My rough implementation thought was to introduce a new type called PropertyReferencedType.

export interface PropertyReferencedType extends Type {
        property: Symbol;
        targetType: ObjectType;
}

When entering a function declared with a return type that is of PropertyReferencedType or entering a function that references PropertyReferencedType: A type of a ElementAccessExpression will be augmented with a property that references the symbol of the accessed property.

export interface Type {
        flags: TypeFlags;                // Flags
        /* @internal */ id: number;      // Unique ID
        //...
        referencedProperty: Symbol; // referenced property
}

So a type with a referenced property symbol is assignable to a PropertyReferencedType. During checking, the referencedProperty must correspond to p in T[p]. Also the parent type of a element access expression must be assignable to T. And to make things easier p must also be const.

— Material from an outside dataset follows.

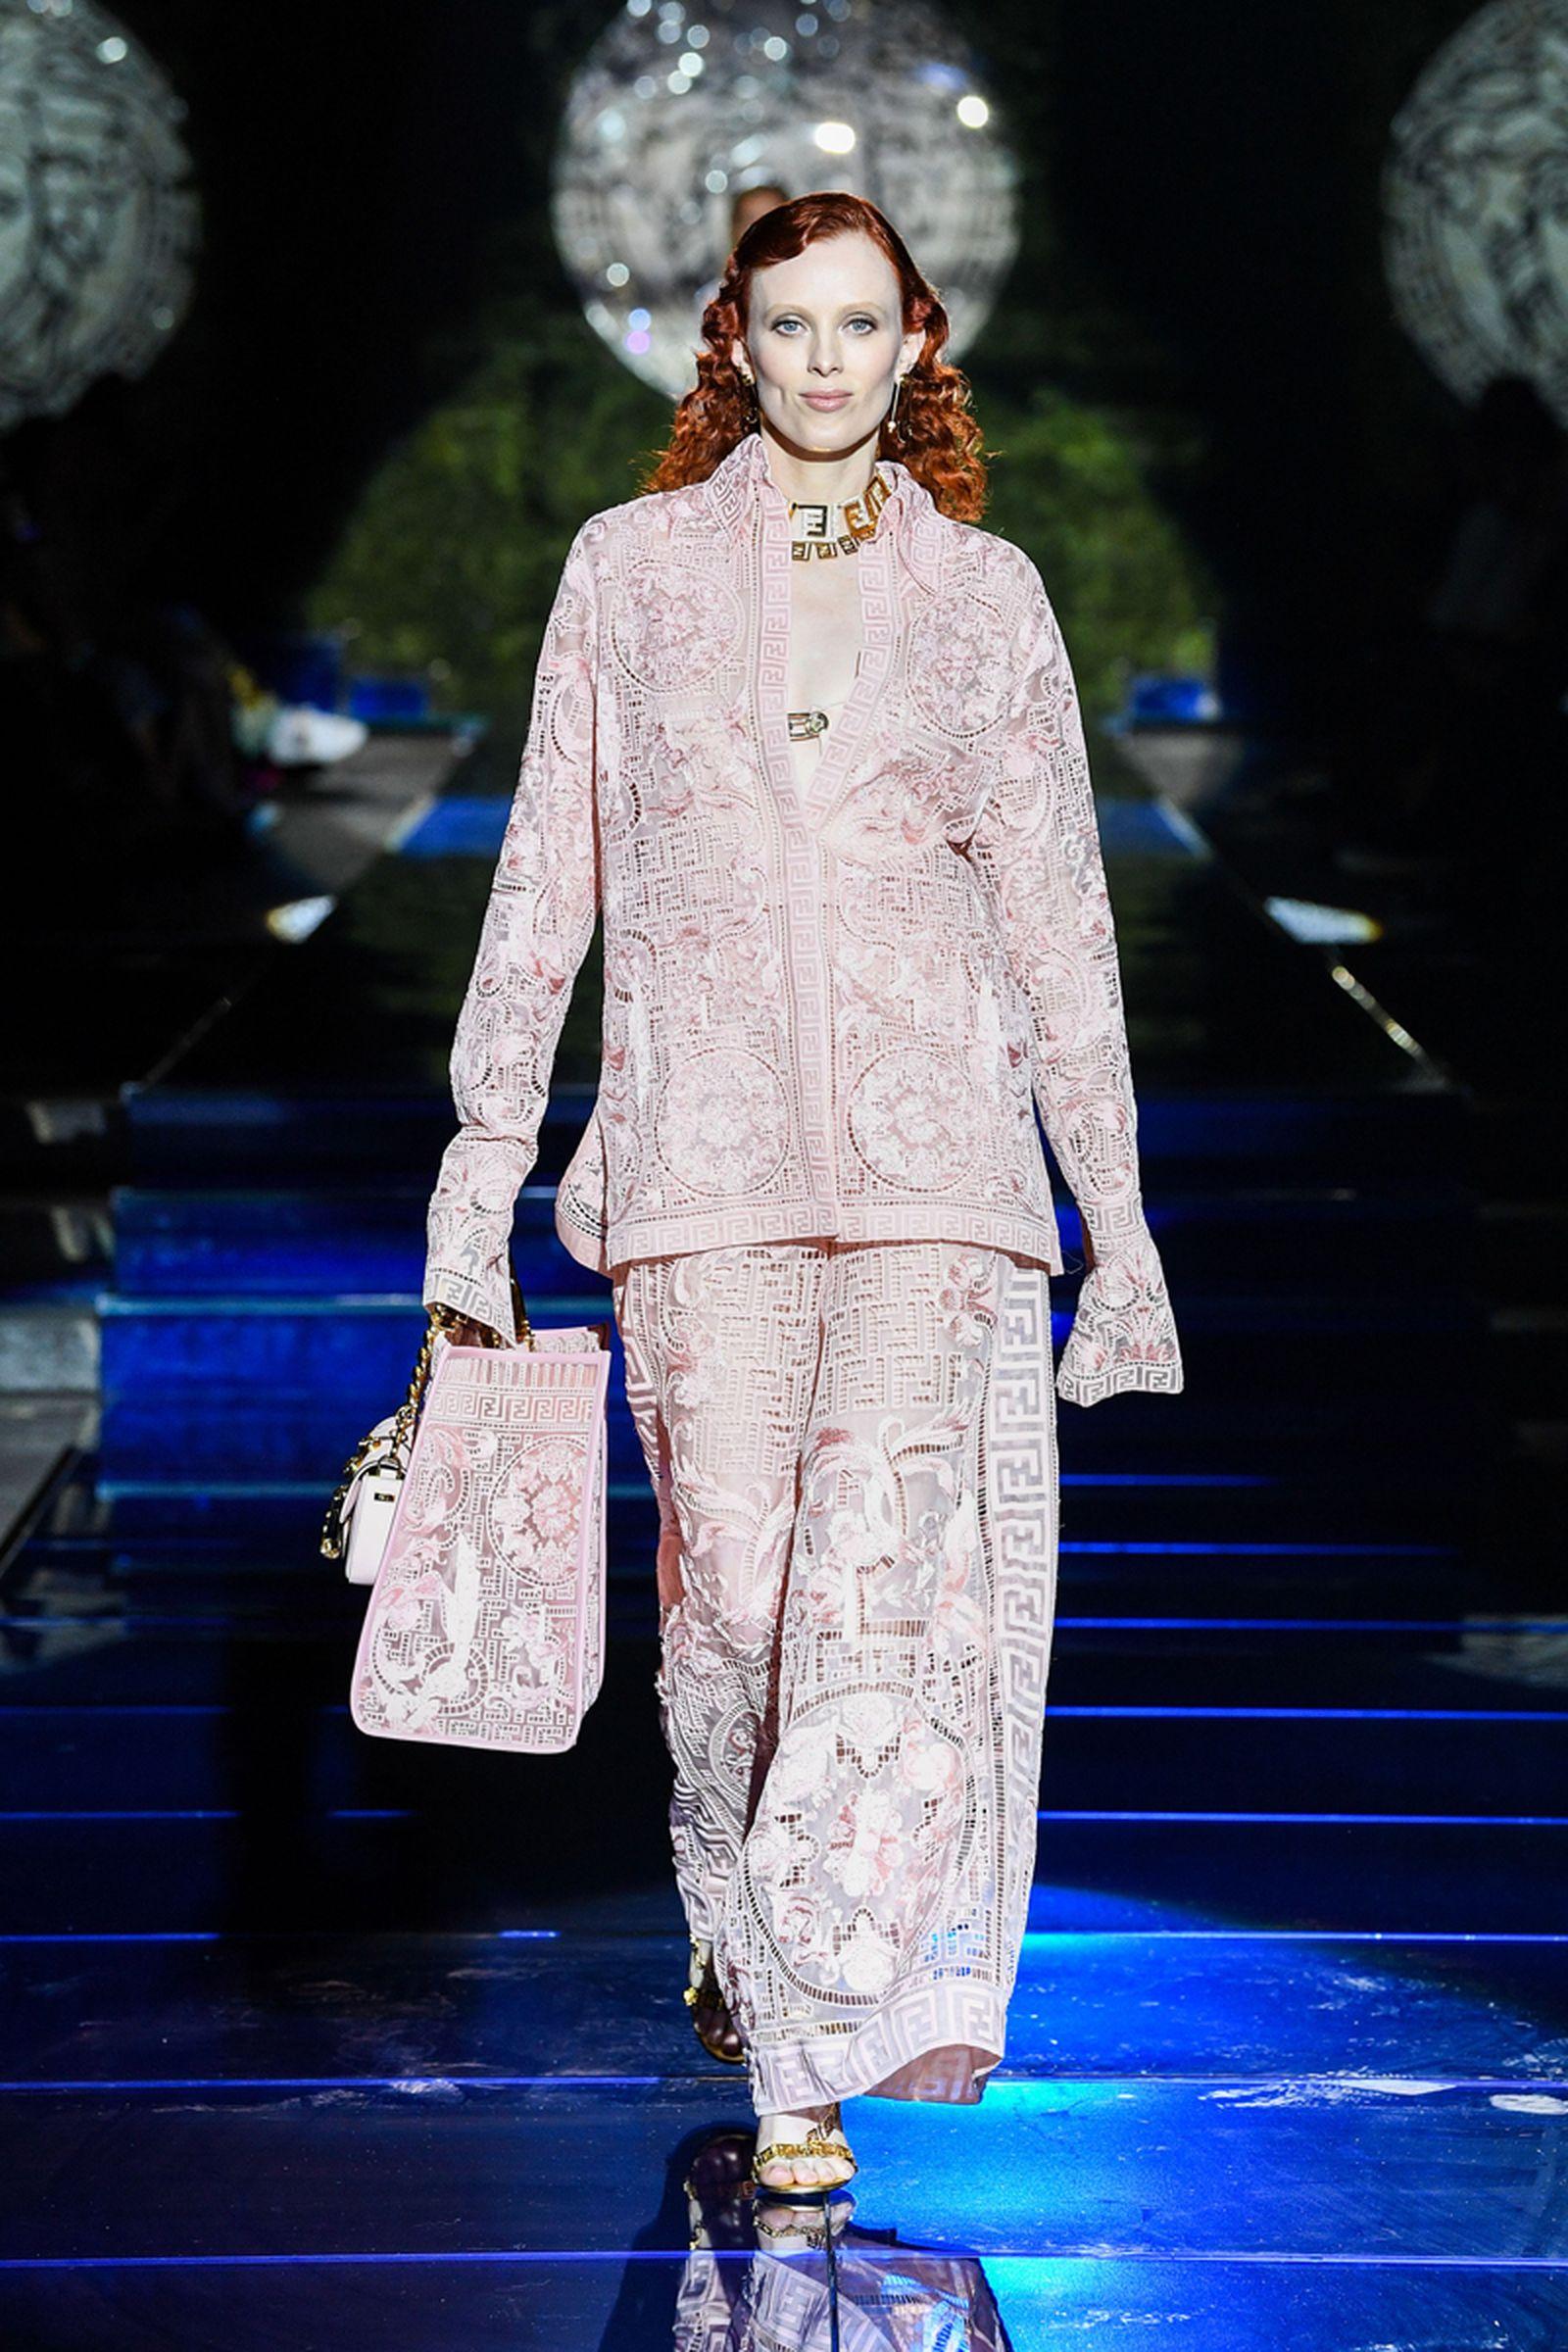 fendi versace fendace collab kim jones donatella swap collection watch lookbook runway milan

The new typePropertyReferencedType only exists inside the function as an "unresolved type". On call site one have to resolve the type with p:

interface A { a: string }
declare function getProp(p: string): A[p]
getProp('a'); // string

A PropertyReferencedType only propagates through function assignments and cannot propagate through call expressions, because a PropertyReferencedType is only a temporary type meant to help with checking the body of a function with return type T[p].

[Igorbek]

If you introduce keysof and T[K] type operators, would it mean we could use them like this:

interface A {
  a: number;
  b: string;
}
type AK = keysof A; // "a" | "b"
type AV = A[AK]; // number | string ?
type AA = A["a"]; // number ?
type AB = A["b"]; // string ?
type AC = A["c"]; // error?
type AN = A[number]; // error?

type X1 = keysof { [index: string]: number; }; // string ?
type X2 = keysof { [index: string]: number; [index: number]: string; }; // string | number ?

@DanielRosenwasser wouldn't your example have the same meaning with my

function foo<T, K extends keysof T>(obj: T, key: K): T[K] {
    // ...
}
// same as ?
function foo<K, V, T extends { [k: K]: V; }>(obj: T, key: K): V {
    // ...
}

[rtm]

I am not seeing how the signature would be written for Underscore's _.pick:

o2 = _.pick(o1, 'p1', 'p2');

pick(Object, ...props: String[]) : WHAT GOES HERE;

[tinganho]

@rtm I suggested it in #1295 (comment). Though it might be better to open a new issue, even though it is related to this one.

[ahejlsberg]

Implementation now available in #11929.